45

17 7 4
                                    

"Kena!" Kae berhasil menyentuh dahi Shie. Kekuatannya siap mengacaukan ingatan-ingatan milik Shie. Shie terdiam, portal-portal miliknya menghilang.

"Melindungi!" Gerakan bagus Siel. Ralu berhasil mendapatkan pelindung dari Siel. Pisau-pisau itu tidak melukai dirinya.

Ruangan gelap sudah terganti dengan bangunan tua. Mereka keluar dari portal aneh itu. Menyisakan mereka berempat bersama Hima dan juga Shie yang pingsan.

"Ayo kembali, seharusnya ini sudah waktunya Linn dan yang lainnya bertemu dengan Mara." Ucapan Kae membuat mereka harus bergerak cepat.

"Ola!" Noe bergerak melindungi Ola yang hampir menabrak pohon. Terdengar rintihan dari mulut Ola.

Sebuah ledakan terjadi, gubuk tua itu hancur. Ola dan Noe terpental cukup jauh dari yang lain. Linn segera berdiri, kakinya terasa sedikit sakit karena tergores oleh ranting-ranting yang berserakan di tanah.

"Tahan, tunggu yang lain datang membawa Hima!" teriak Zev, mereka mengangguk bersamaan.

Ola segera mengeluarkan beberapa boneka manekinnya untuk menyerang Mara. Noe mulai berlari ke arah Mara sambil mengayunkan pedangnya.

Mara dengan lihai menghindari serangan-seangan yang dia terima. Tawanya terdengar nyaring di tengah kesunyian malam ini. Matanya yang merah menatap tajam mereka.

"Kenapa kalian tidak berada dipihakku saja? Dengan aku yang mengulang waktu, kalian tidak akan melewati nasib yang sial lagi," tawar Mara dengan senyum seringainya itu.

"Itu merusak takdir dunia loh, penyihir tua sepertimu tidak paham hal itu ya?" jawab Ola dilanjutkan dengan pertanyaan mengejek.

"Lupakan tentang itu, memangnya kau tidak mau melihat kedua adikmu lagi?" Tawa kecil terdengar dari mulut Mara, setelah melihat ekspresi Ola yang terlihat kesal.

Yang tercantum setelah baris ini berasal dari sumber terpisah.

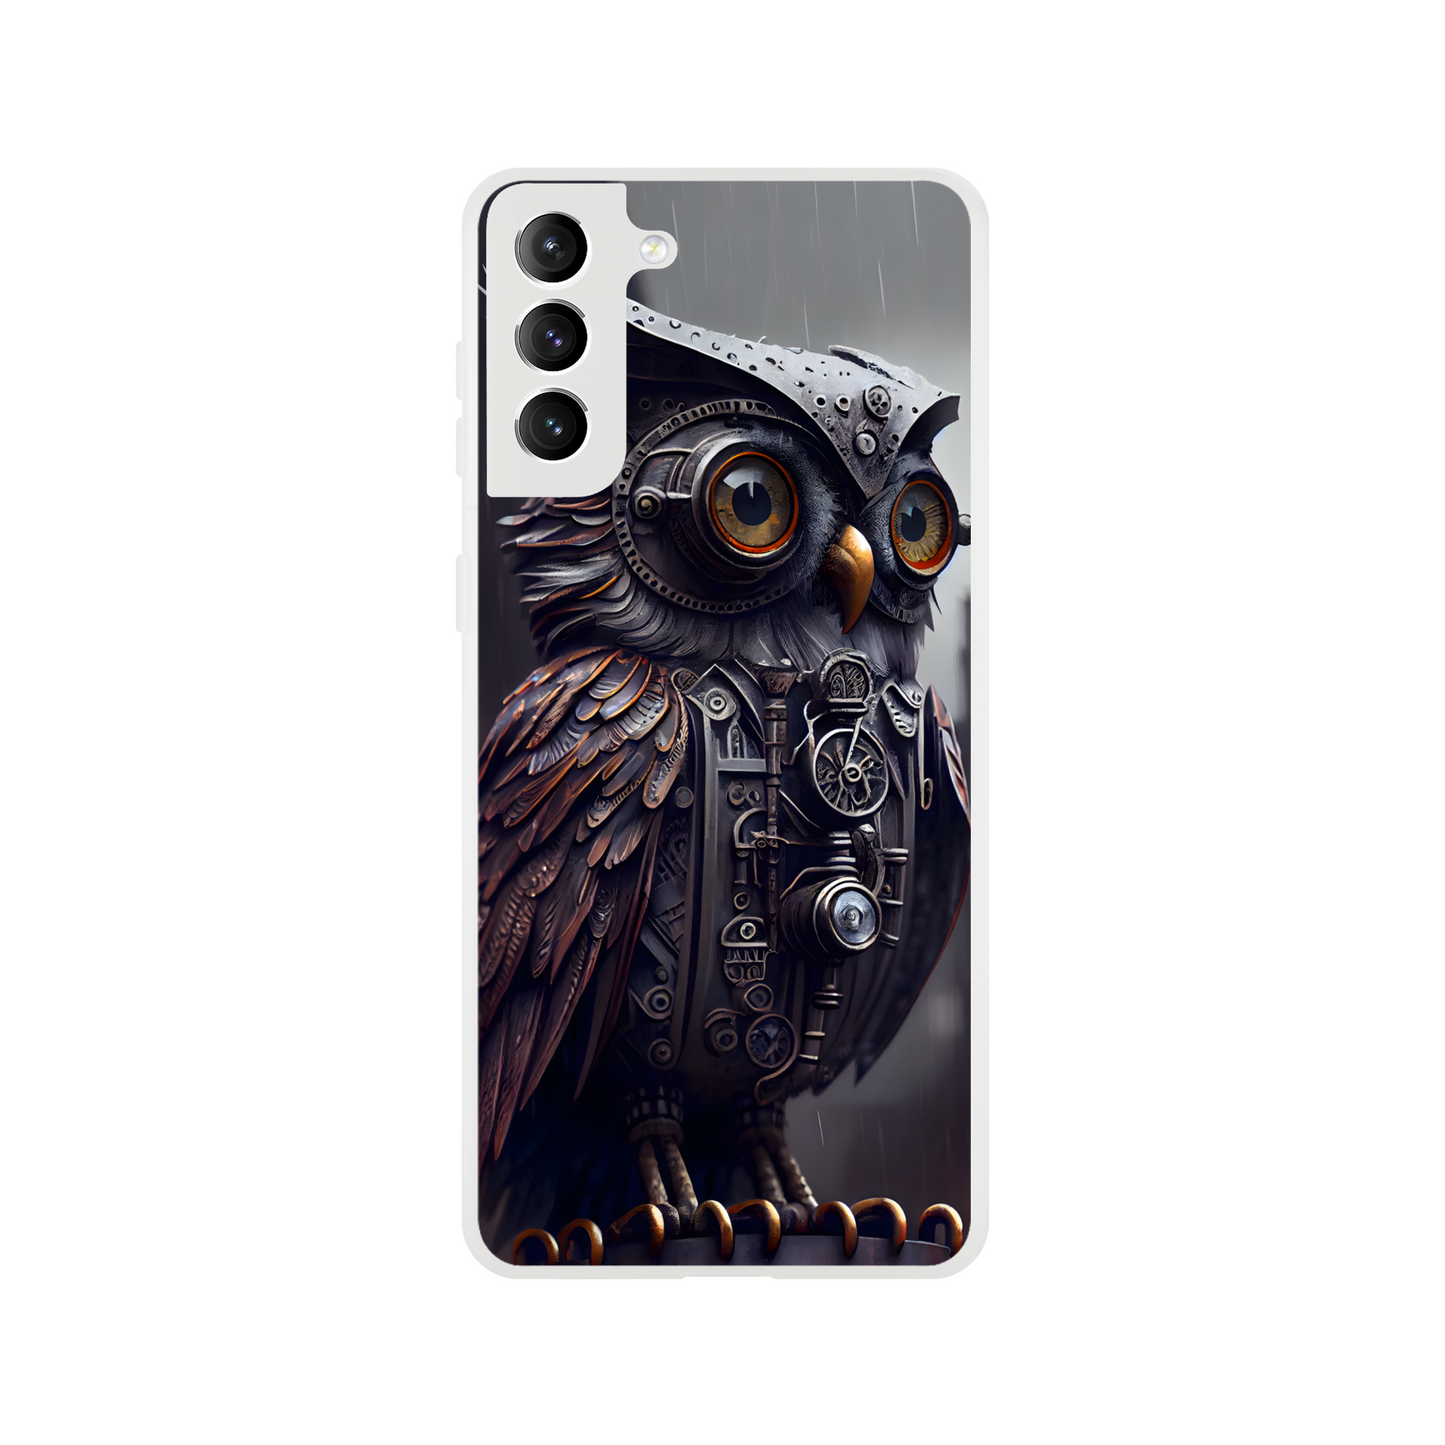 Steampunk owl - Flexi case

"Bersenang-senanglah dengan para tulang belulang ini." Seringai Mara terlihat menghiasi wajahnya, kedua tangannya yang berada di samping tubuhnya bergerak ke atas secara perlahan hingga setinggi bahunya.

Tanah sedikit bergetar, perlahan muncul mayat-mayat yang hanya tersisa tulang belulangnya dari dalam tanah yang mereka pijak, mayat itu mulai berjalan mendekati mereka seolah mereka masih hidup. Di atas sana, di bawah rembulan indah malam ini, Mara tertawa seolah melihat pertunjukan yang indah.

Noe mengarahkan pedangnya ke arah salah satu mayat itu. Perlahan, pedangnya itu mulai menebas satu per satu leher mereka di sana. Namun, rasanya semua itu adalah hal yang sia-sia. Setiap bagian tulang mayat itu jatuh ke tanah, bagian itu akan kembali dan menyerang lagi.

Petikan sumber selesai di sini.